Hacker News new | ask | show | jobs
by gizmo385 2548 days ago
> There are a lot of moving pieces in our system and sometimes there are things outside of Google's control.

Are you implying that the cause of this outage is not Google's fault? If so, can you go into more details about that?

2 comments

> The disruptions with Google Cloud Networking and Load Balancing have been root caused to physical damage to multiple concurrent fiber bundles serving network paths in us-east1, and we expect a full resolution within the next 24 hours.

From the dashboard. Looks like this can be blamed on an Act of Backhoe.

Not him but oftentimes cloud outages can be due to issues with the network connections to the datacenter, or power outages.

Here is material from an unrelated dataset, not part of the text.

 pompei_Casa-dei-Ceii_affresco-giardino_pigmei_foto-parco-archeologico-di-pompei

Datacenters also sometimes have other single points of failure such as DNS, but those are within the company's control.

https://www.networkworld.com/article/3373646/network-problem...

https://www.datacenterknowledge.com/uptime/equinix-power-out...

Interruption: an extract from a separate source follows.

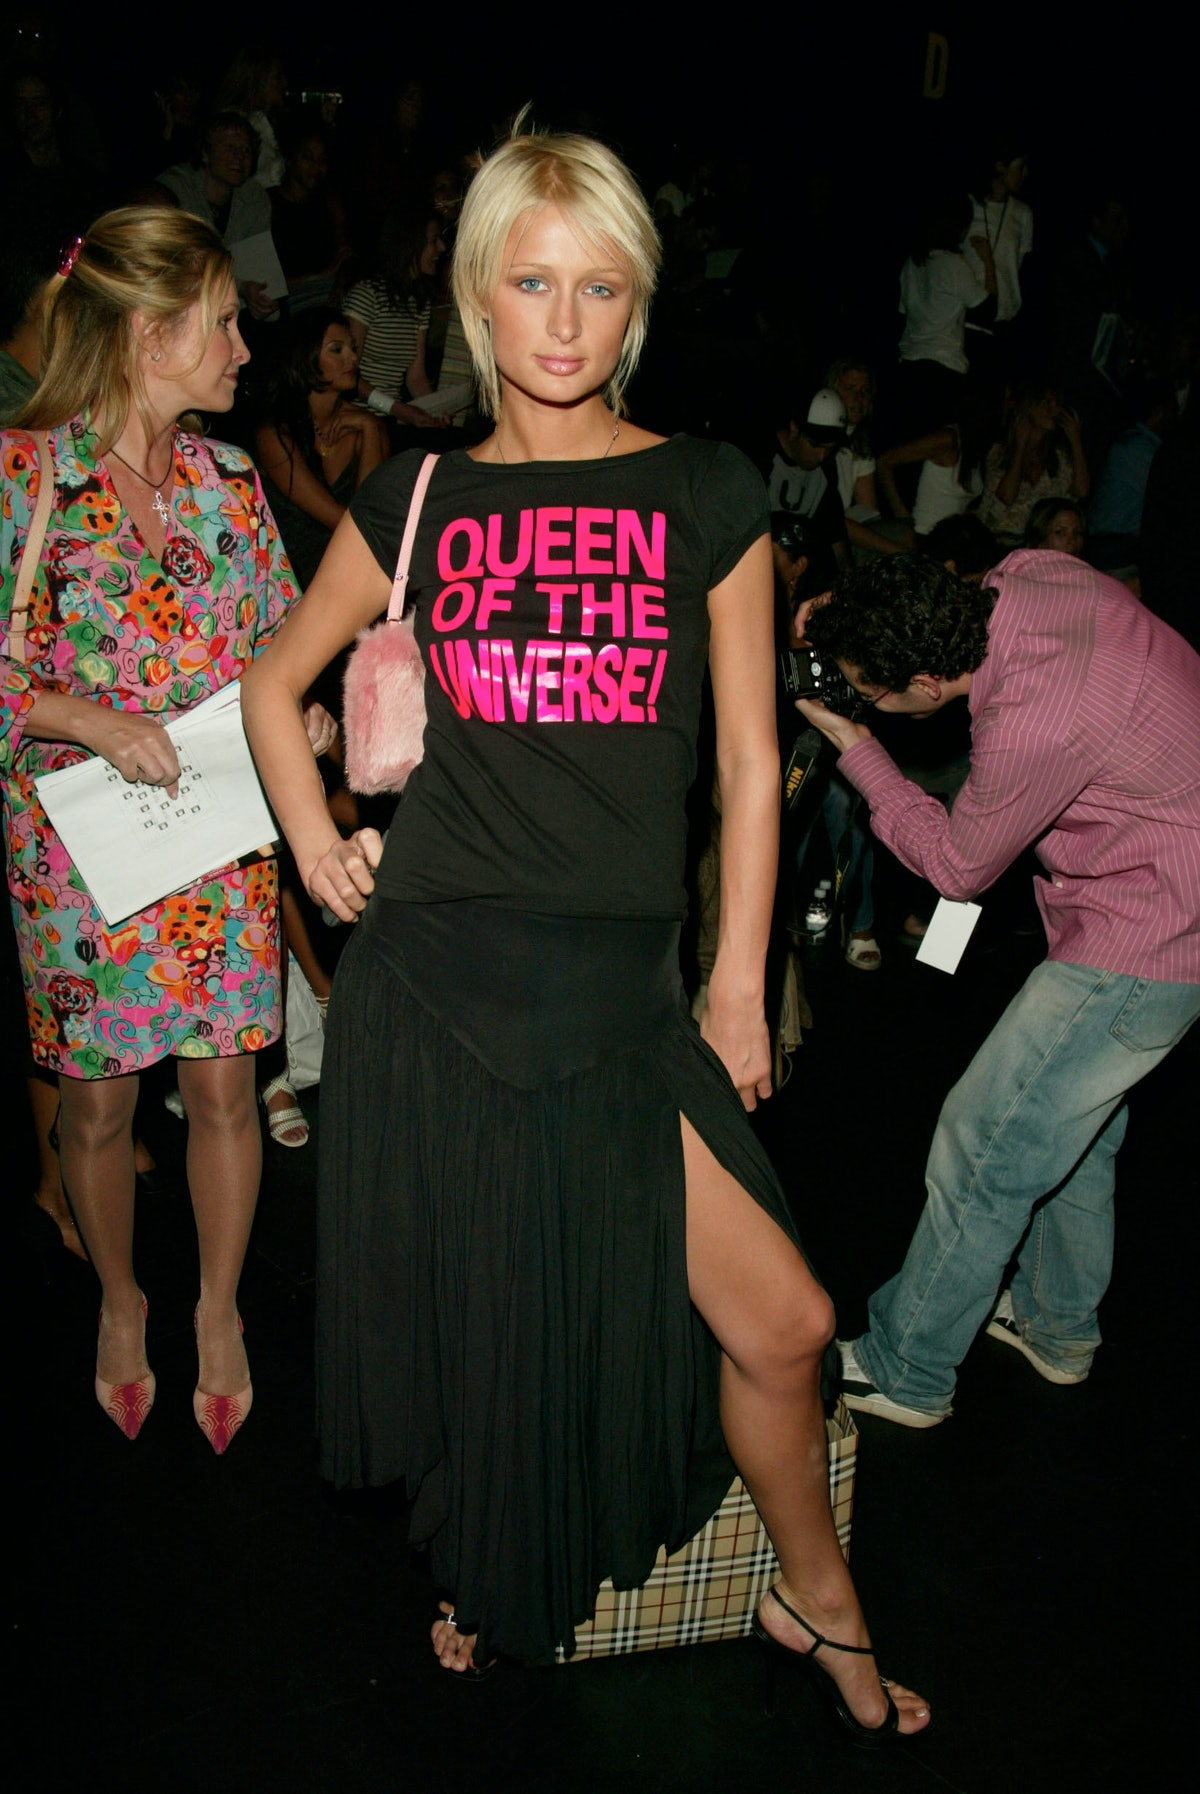 Paris wearing queen of the universe black tee

But data centers are typically designed with network and power failures in mind, not? Isn’t this why these kind of ring based network topologies exist, so that whenever a single network connection fails, it can still easily be routed around?
Almost always, yes, but the problem is that everyone has to start routing around the problem and it creates congestion. Those redundant pipes don't sit idle. They are sharing the traffic.

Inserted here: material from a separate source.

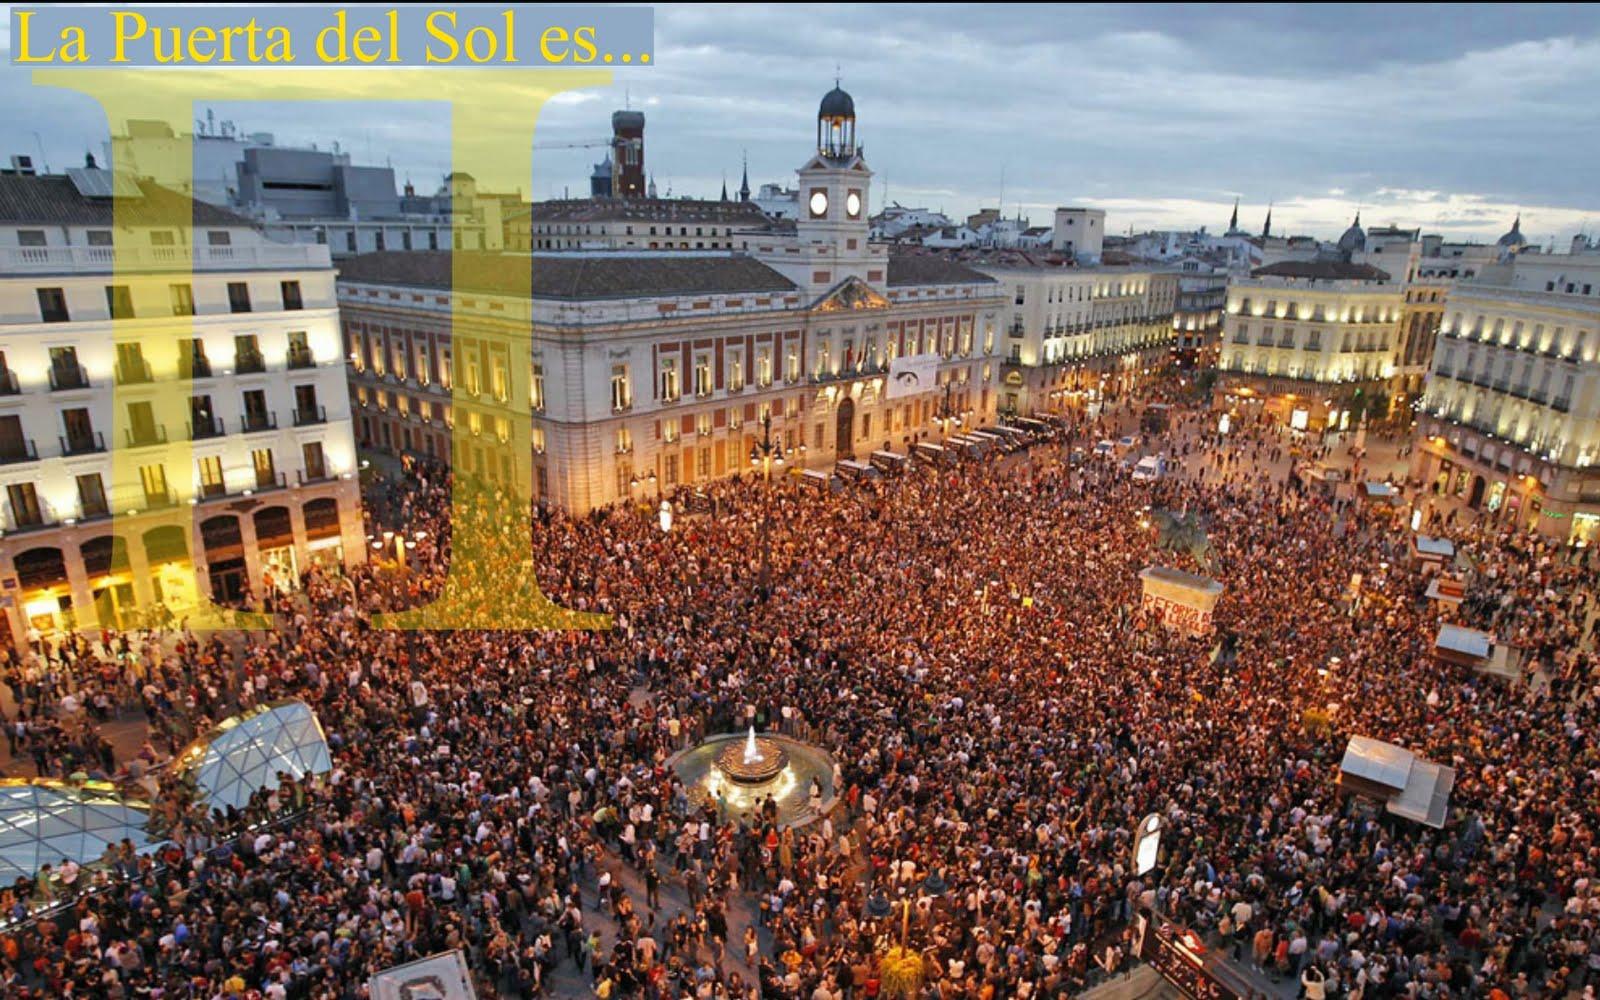 La sabiduria de la luz la puerta del sol una revoluci n for Puerta del sol ahora

As mentioned in another thread, in this case, Google has rerouted google.com traffic out of the region to try to mitigate the congestion.

On a smaller scale, to link up a few datacenters that are a few miles apart? Sure. On a grand scale though, no. Nobody's running an extra undersea cable from Japan to Singapore so that they can have a ring topology. Or trenching a second PBps of cables across the Appalachian Mountains. When something like that gets busted you go and reroute your least important traffic and send out the repair crew.